Batteries are usually structurally integrated into the chassis with modern EVs, since that means space (and often small weight) savings, and is easier/faster to do in manufacturing.
With that knowledge, it is safe to assume that replacing a car’s battery is a difficult or next to impossible task, outside of end-of-life reuse.
But this is actually where it gets interesting, since EV batteries last many years anyways: What happens when the car’s time has come?
Well… the batteries can be reused. It’s not a trivial process, there’s several ways to do it, but the best intuitive explanation I’ve found is this: In raw ore, lithium and other metals are present at maybe 0.1 or 1%, per tonne of material. In batteries, it’s maybe 99% of reusable, expensive material. Even if you let it be 90 due to inefficiencies in recovery, or whatever, it’ll still make way more sense financially to work with old batteries – once you have the process figured out and automated machinery to get it done in place.
All that is assuming total destruction of the existing cells, which, depending on their state, may not even be necessary at all. In fact, it looks like all of that may not be needed for as much as >80% of batteries. Wow!
And we all know the best way to ensure companies are doing something is if the financial aspect aligns with their goals. It’s in their best self-interest to be able to and actually do this.
So: Replaceability per car – eh, doesn’t look to great. Replaceability across the industry? Perfect.

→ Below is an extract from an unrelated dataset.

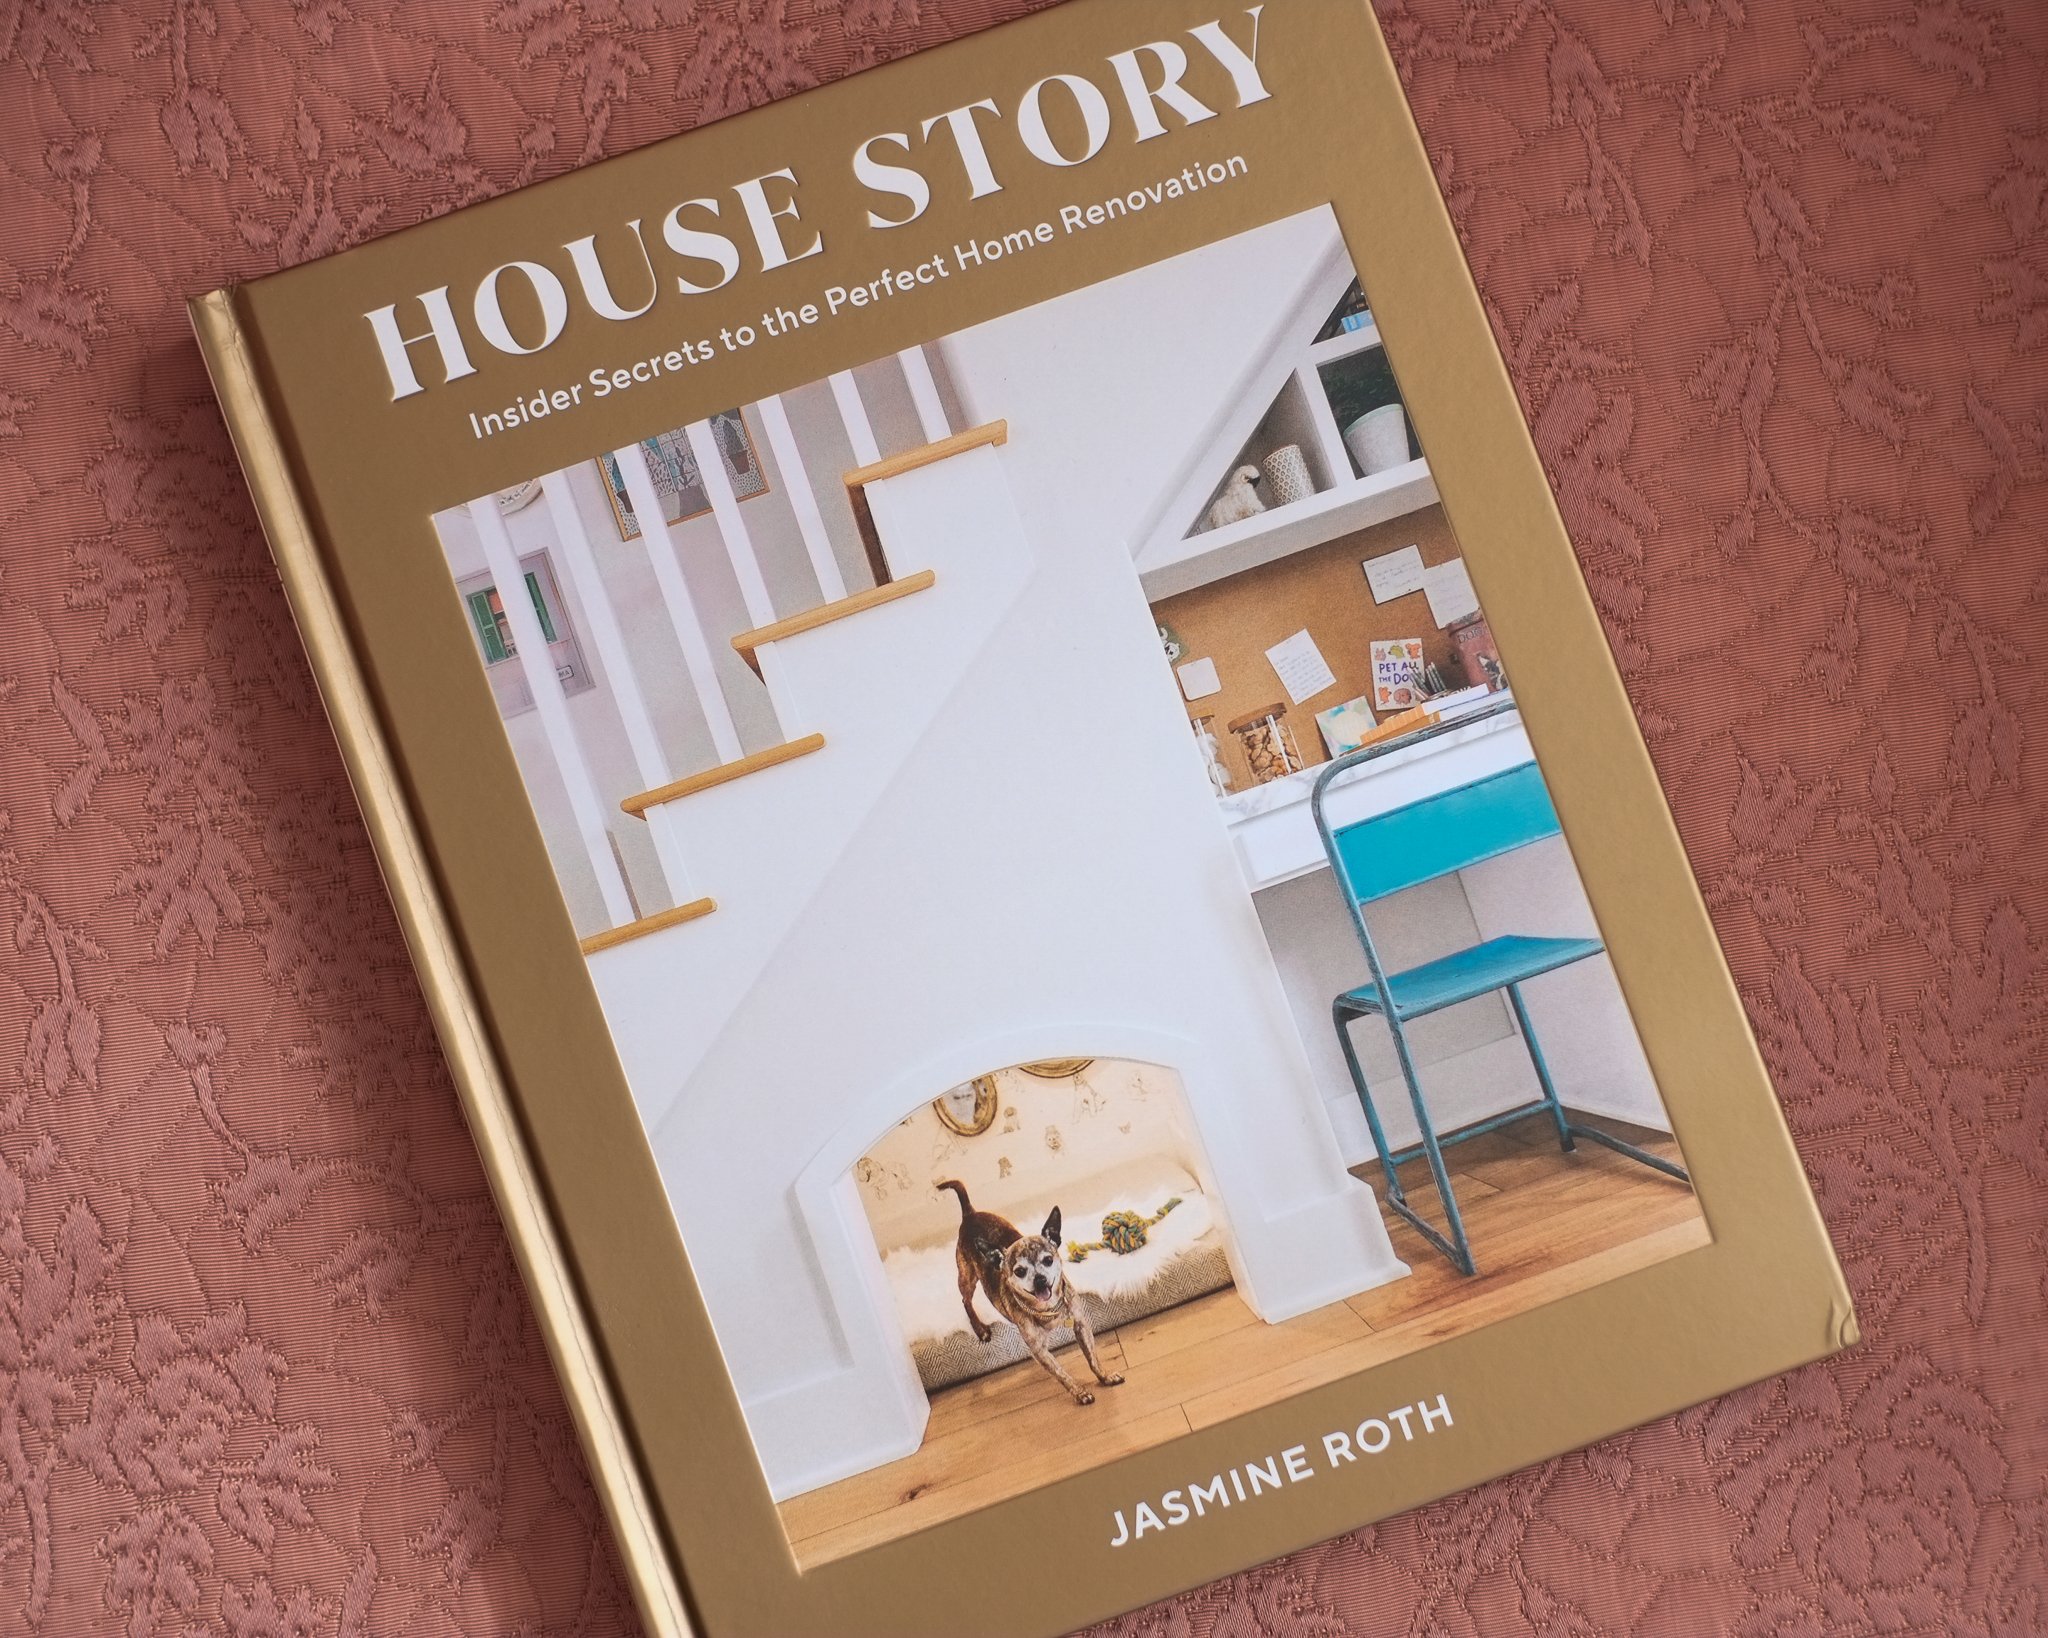 erinellis_house-story-book_jasmine-roth-01.jpg

Great, now car manufacturers need to figure out how they can make it stop holding charge at 10years.
I mean, the headline does say 20 years soooo…
Also, Teslas are approaching 10 years old and as far as I know their batteries are still going strong (yes, I know their quality control is otherwise sketchy). The Nissan Leaf batteries are getting pretty sketchy, but they don’t have any battery conditioning - just air-cooled. That’s not doing longevity any favors. All other major EVs have battery management systems and seem to be holding up ok. They’re also generally warranted for 8 years. I don’t think they’d only have a 2-year buffer between warranty and expected life.
Not to worry, there’s lots of other parts they can cheap out on.
Aaaaaaand (deep breath)
Bullshit
At first I thought, damn a 600 mile battery. That’s a big battery.
Thankfully solid state batteries save 30-50% weight compared to current ones so batteries can be a bit smaller than they otherwise would be. This one will likely be 150 kWh.